With 46 million Americans living without health insurance, thousands of uninsured people who can't get insurance contact call centers every month.

Scott Svonkin, an active 41-year-old, never thought he'd be one of them.

"Pacificare rejected me because I'm an expectant father. Blue Shield rejected me because I got a spider bite. And then this one rejected me because of asthma," Svonkin said.

Svonkin has managed his asthma for more than 20 years with $150 a month in medication, making him one of the new "Uninsurables" — people who've been denied individual health insurance, but not for a serious illness, CBS News chief investigative correspondent Armen Keteyian reports.

"I'm the new poster child, or the poster man, for the uninsured in America," he said.

A two-month CBS News investigation exposes a system stacked against the individual. Unlike group plans provided by employers, individual insurers can pick and chose their customers, creating guidelines designed to deny coverage for the most common of health problems.

Acne, asthma, athlete's foot, allergies — and that's just the A's. How do you explain that?

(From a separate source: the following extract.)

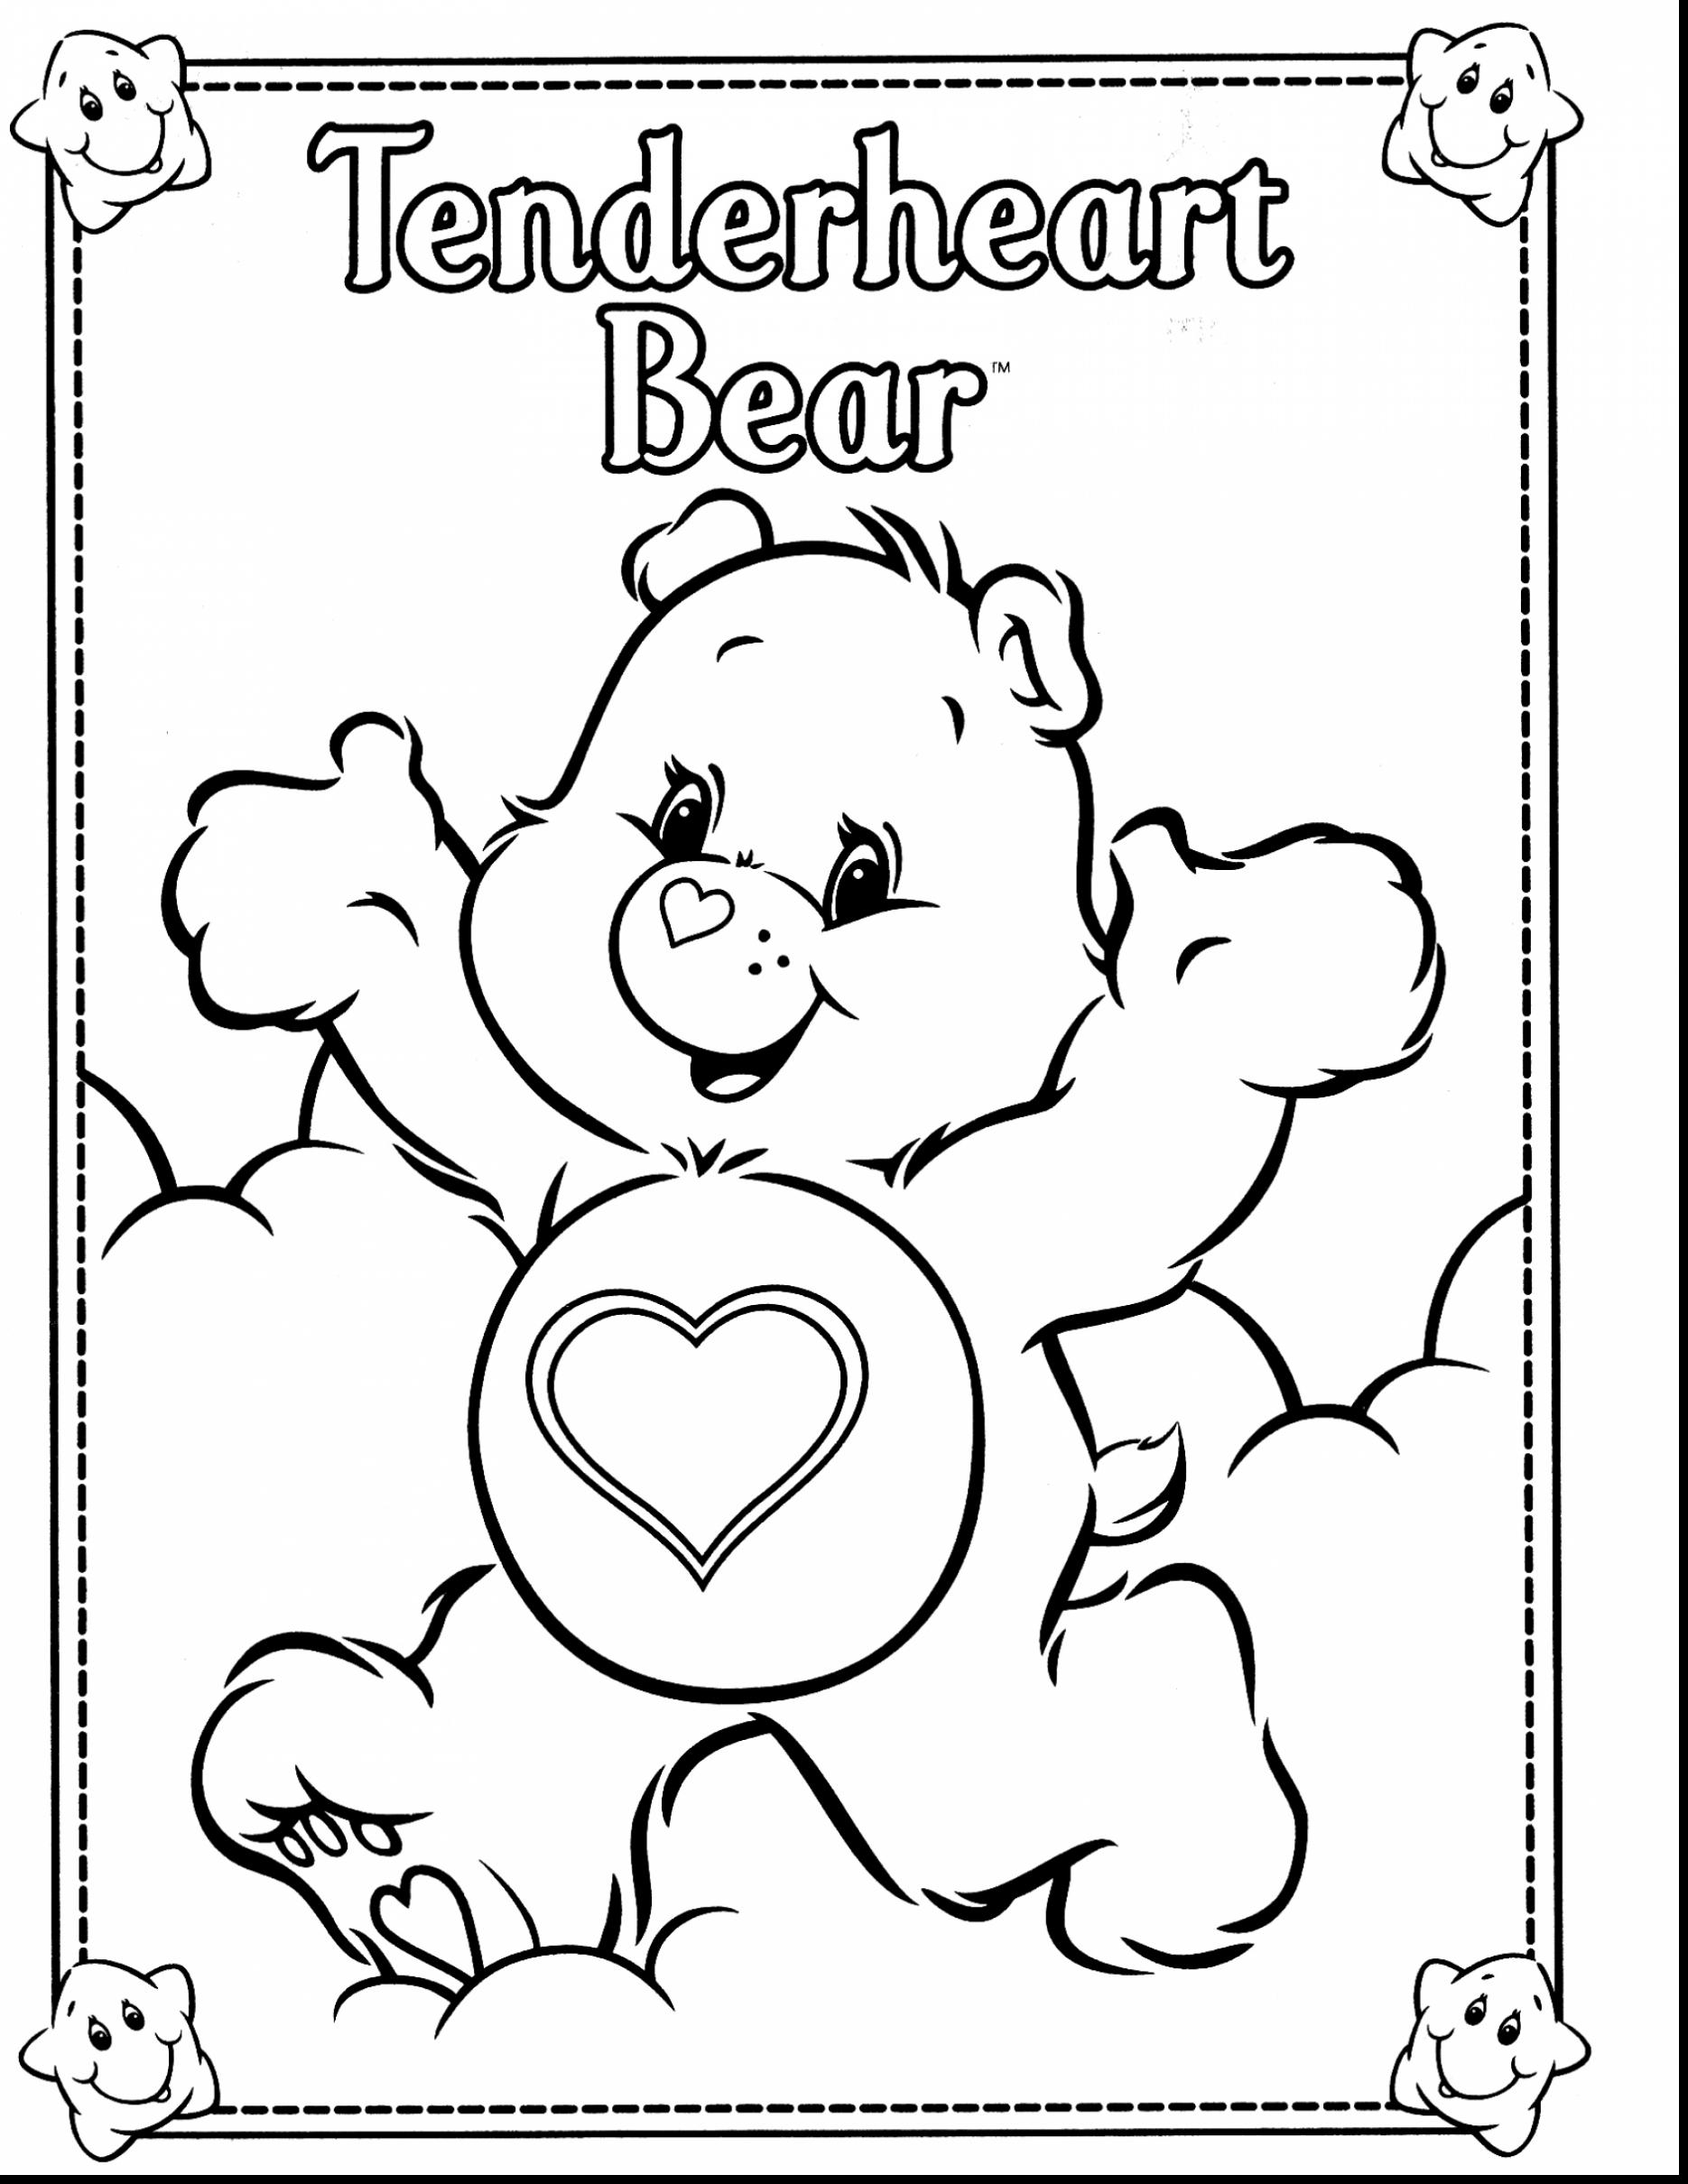 Free Care Bear Coloring Pages Printable Care Bears Coloring Pages That Are Colored Strawberry

"Our members very much want to get and keep customers," Susan Pisano, vice president of communications at the Association of Health Insurance Plans told Keteyian.

The argument from the other side is that they're cherry-picking the healthiest people, and people even with the most minor problems are being excluded?

"Conditions that seem minor to me and you entail a level of expense that is fairly substantial," Pisano said.

Last year one nationwide survey, the Commonwealth Fund, found that 89 percent, or 52 million, of those looking for individual health insurance didn't get it because it was too expensive or they were turned down.

"Insurers are getting double the profit that they make in the group market. Why is it so lucrative? Because they exclude anybody and everybody who has even a remote sense of risk associated with their health care," says Dr. Bryan Liang, who has studied the insurance industry for more than a decade.

One individual application asks: Have you ever had a headache? Have you ever had an infection? Have you ever had muscle pain?

"They want to know everything about you. Your credit history," for example, Liang said. "Your credit history is something that is very interesting to them, and they to know about it."

It's not just your credit history, but your driving record and the sports you play.

Insurers find all that information — and much more — in a massive, little-known data base called the MIB, or Medical Information Bureau. Insurers have even been known to question "friends and neighbors" about "morality and lifestyle" — using all of this information to decide who they will cover and who they won't.

"They can check your morals and your lifestyle?" asks Keteyian.

"Exactly," says Liang. "And they are going to judge you on this."

If you have any problem whatsoever, you are on the outside looking in — in the individual market.

"One of the things that you are saying essentially is the perception," said Pisano.

But it's a reality for millions of Americans as well.

"Maybe the perception and the reality are a little different," Pisano conceded.

Not for Svonkin. Ironically, he's a member of Los Angeles County's Insurance Commission.

"I never imagined it would be so hard to get health care," Svonkin said. "It's not a matter (that) I can't afford it. It's a matter that they won't give it to me at any price."

All of which has left the new face of the "Uninsurables" with nowhere to turn but a state-run program for high-risk people offering minimal coverage — for $528 a month.